Second, and perhaps more importantly, we face a changing climate that is likely to leave us with less water to go around – making these dams even more unnecessary, a waste of precious money that should go instead toward global warming appropriate solutions. California is a very drought-prone climate. Climate change in California is expected to produce a hotter and drier climate, with a reduced snowpack. Precipitation in the Sierra is expected to fall as rain more often than snow, forcing significant shifts in how water is stored.

But the problem isn’t just that the Sierra will see less snow and more rain, but that it will see less water, period. And the problem isn’t limited to the Sierra – as anyone who’s been to the Southwest recently knows, the whole region is suffering from reduced rainfall.
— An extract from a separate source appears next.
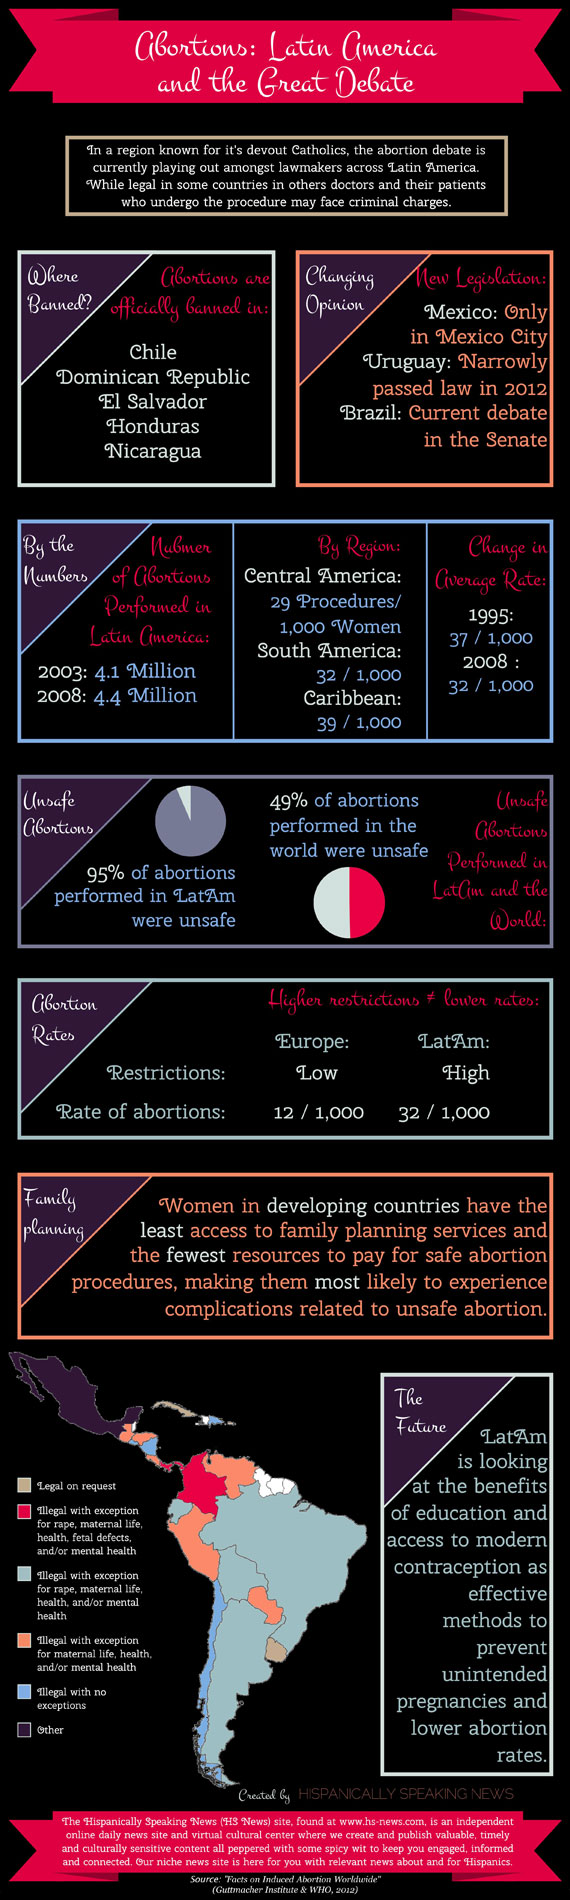 9. Abortions Latin America and the Great Debate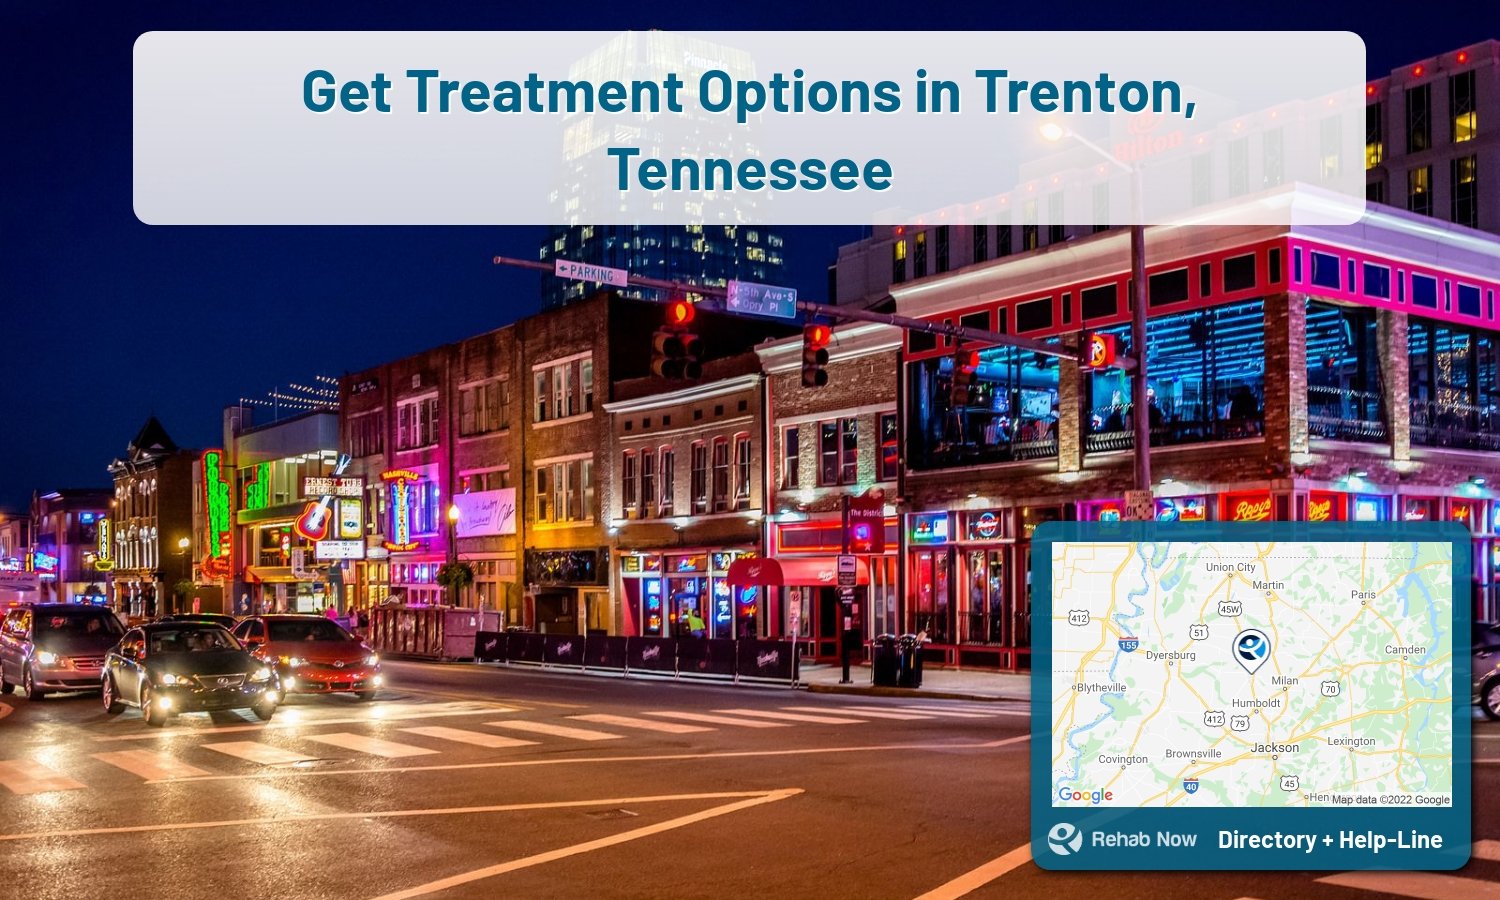 Let our expert counselors help find the best addiction treatment in Trenton, Tennessee now with a free call to our hotline.

Some experts suggest we may be on the verge of a 90 year drought in the US Southwest, and that Lakes Powell and Mead may never return to their previous levels.

Faced with the prospect of prolonged drought, it seems foolish for California to assume it can solve its problem merely through added storage – why build more storage for less rain?

Senator Feinstein should not agree to this reckless and unnecessary plan, and should instead use her considerable influence to help put a better, less expensive, more sustainable and environmentally sensible water bond on the ballot this November. Water is our most precious commodity, and it should not be left in the hands of far-right zealots who cannot bring themselves to admit the need to abandon the failed ways of the past and instead construct sensible solutions for a new climate.